Wednesday, September 27, 2017

Up the Stack or Forward in the Value Chain?

Sometimes, moving up the stack is a business strategy, as hard as it is to achieve. More often, horizontal acquisitions for scale have driven telecom service provider acquisitions.

Sometimes, moving forward into the ecosystem supply chain also can work. Paradoxically, moving forward in the video entertainment subscription business (often understand as integrating lower inputs into a finished product or service) also means moving up the stack.

Either approach--up the stack or forward integration--is risky, in part because such moves represent moves outside the present understood core competence, but also because other firms will tend to resist buying horizontal functions and services from a key competitor.

Moving up the stack sometimes can mean acquiring assets that are a foundation for today’s core offerings. That paradoxical move is not, strictly speaking, a move “down the stack,” but is an example of vertically integrating a “cost of goods” input.

The best examples likely are video content producers. Owners of networks provide the core value behind the purchase of streaming video services. Strictly speaking, they operate up the stack.

Functionally, they are the basis for service provider video entertainment offers, a cost of goods that is almost a “down the stack” input, in a business sense. In other words, a video service cannot be created without access to the content consumers want to buy. In that sense, content is a raw material needed to build a video entertainment service.



Most telecom acquisitions have been of the horizontal variety, where a company buys additional assets in its existing place within the ecosystem (more access assets).

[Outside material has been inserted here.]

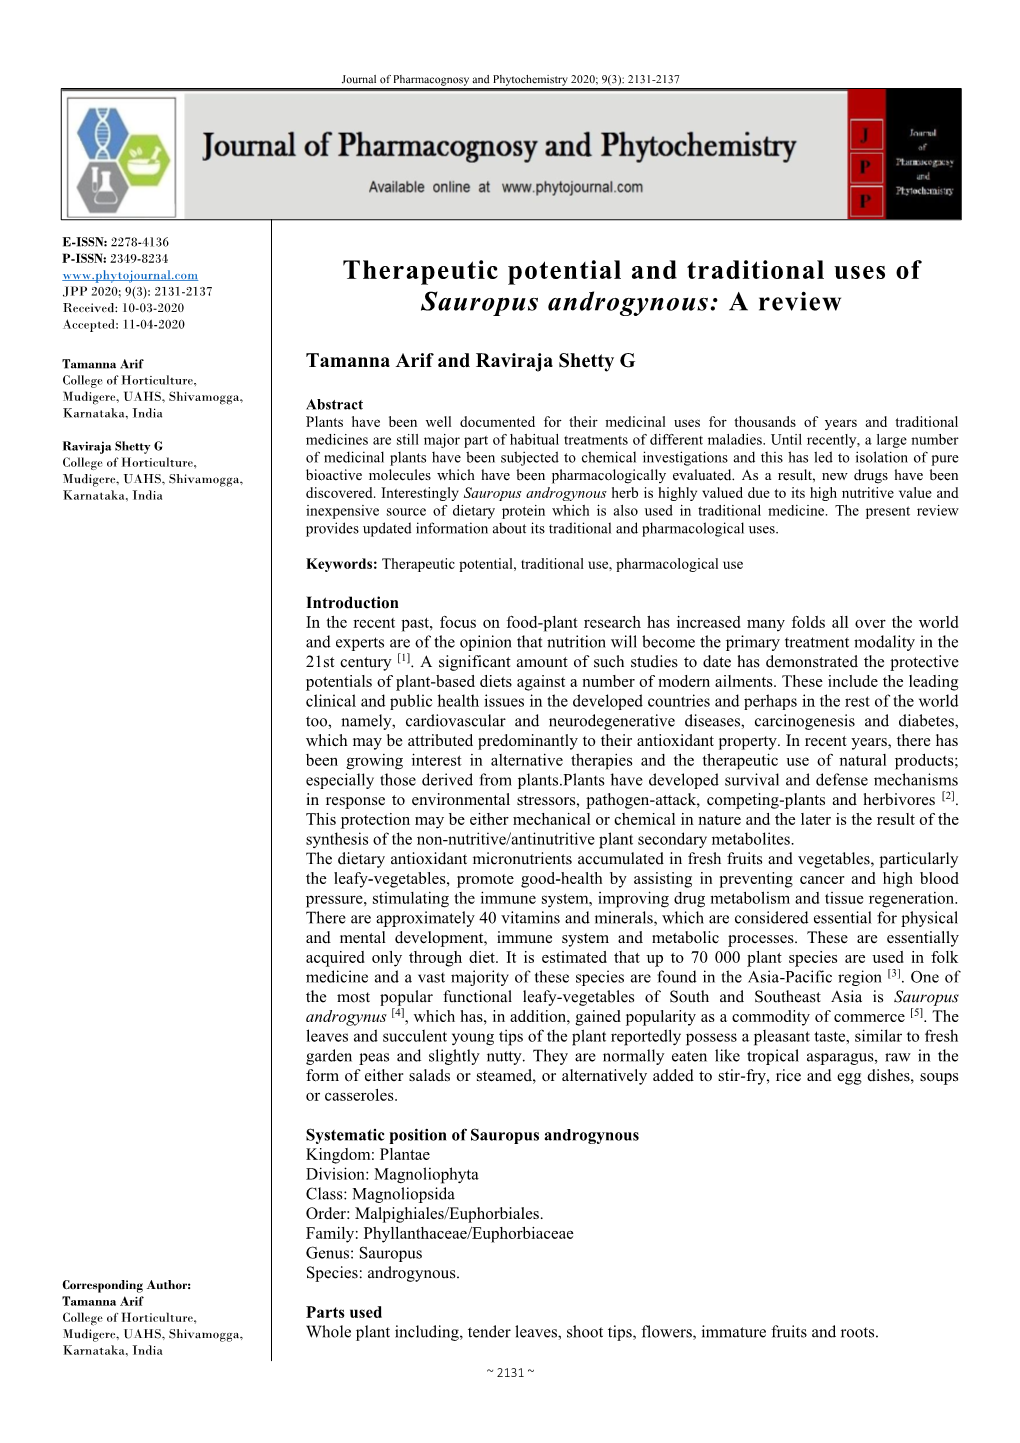 Therapeutic Potential and Traditional Uses of Sauropus Androgynous: A

That is an example of growing scale within the same business, instead of growing scope by occupying new roles within any ecosystem.


You might argue that acquiring such assets, that are required horizontally for all suppliers in a market, are a logical way for access providers to move up the stack. It never is easy, for simple reasons.

When making a horizontal acquisition, the acquiring firm simply gets bigger, doing what it already does. That means the acquiring firm already understands the business, and can hope to take out costs.

Moving into a different role within the ecosystem means moving outside the area of believed core competence. That always carries more business risk.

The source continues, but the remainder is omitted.